Scalable Deep Learning-Based Microarchitecture Simulation on GPUs

Cycle-accurate microarchitecture simulators are es-sential tools for designers to architect, estimate, optimize, and manufacture new processors that meet specific design expectations. However, conventional simulators based on discrete-event methods often require an exceedingly long time-to-solution for the simulation of applications and architectures at full complexity and scale. Given the excitement around wielding the machine learning (ML) hammer to tackle various architecture problems, there have been attempts to employ ML to perform architecture simulations, such as Ithemal and SimNet. However, the direct application of existing ML approaches to architecture simulation may be even slower due to overwhelming memory traffic and stringent sequential computation logic.
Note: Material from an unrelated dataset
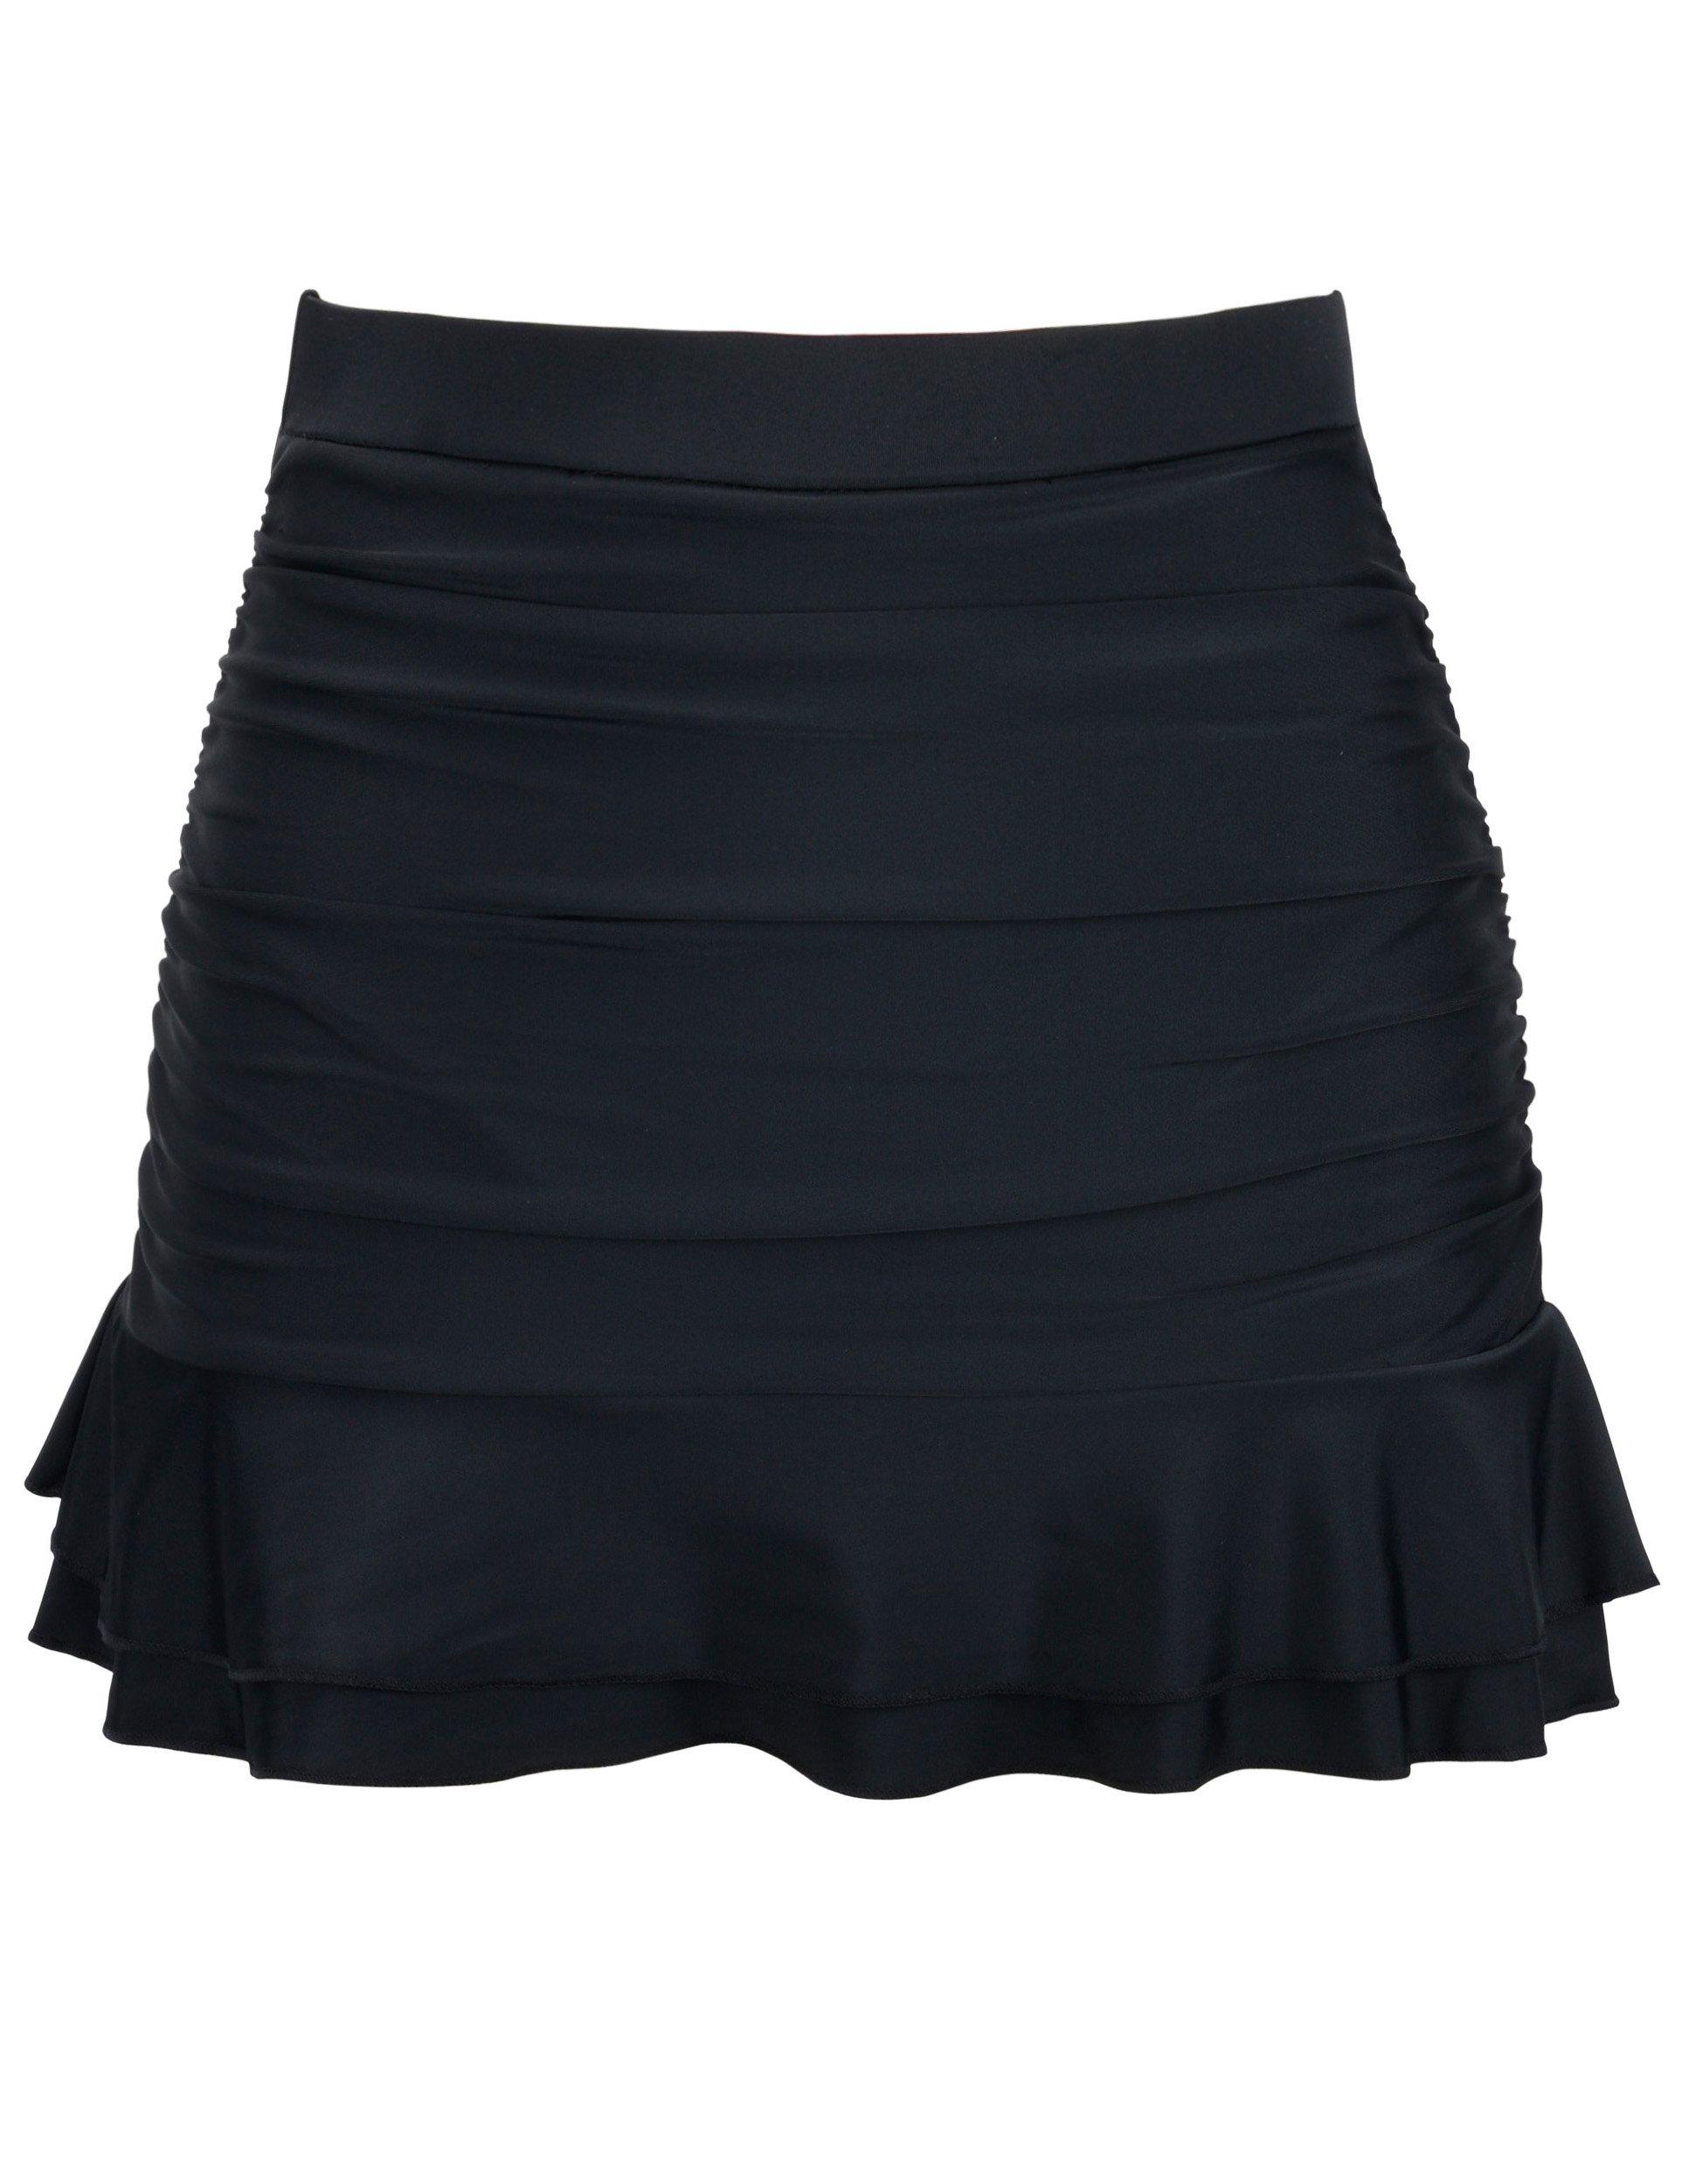 Firpearl Women's Ruched Swimsuit Bikini Tankini Bottom Ruffle Swim Skirt US8 Black

This work proposes the first graphics processing unit (GPU)-based microarchitecture simulator that fully unleashes the poten-tial of GPUs to accelerate state-of-the-art ML-based simulators. First, considering the application traces are loaded from central processing unit (CPU) to GPU for simulation, we introduce various designs to reduce the data movement cost between CPUs and GPUs. Second, we propose a parallel simulation paradigm that partitions the application trace into sub-traces to simulate them in parallel with rigorous error analysis and effective error correction mechanisms. Combined, this scalable GPU-based simulator outperforms by orders of magnitude the traditional CPU-based simulators and the state-of-the-art ML-based simulators, i.e., SimNet and Ithemal.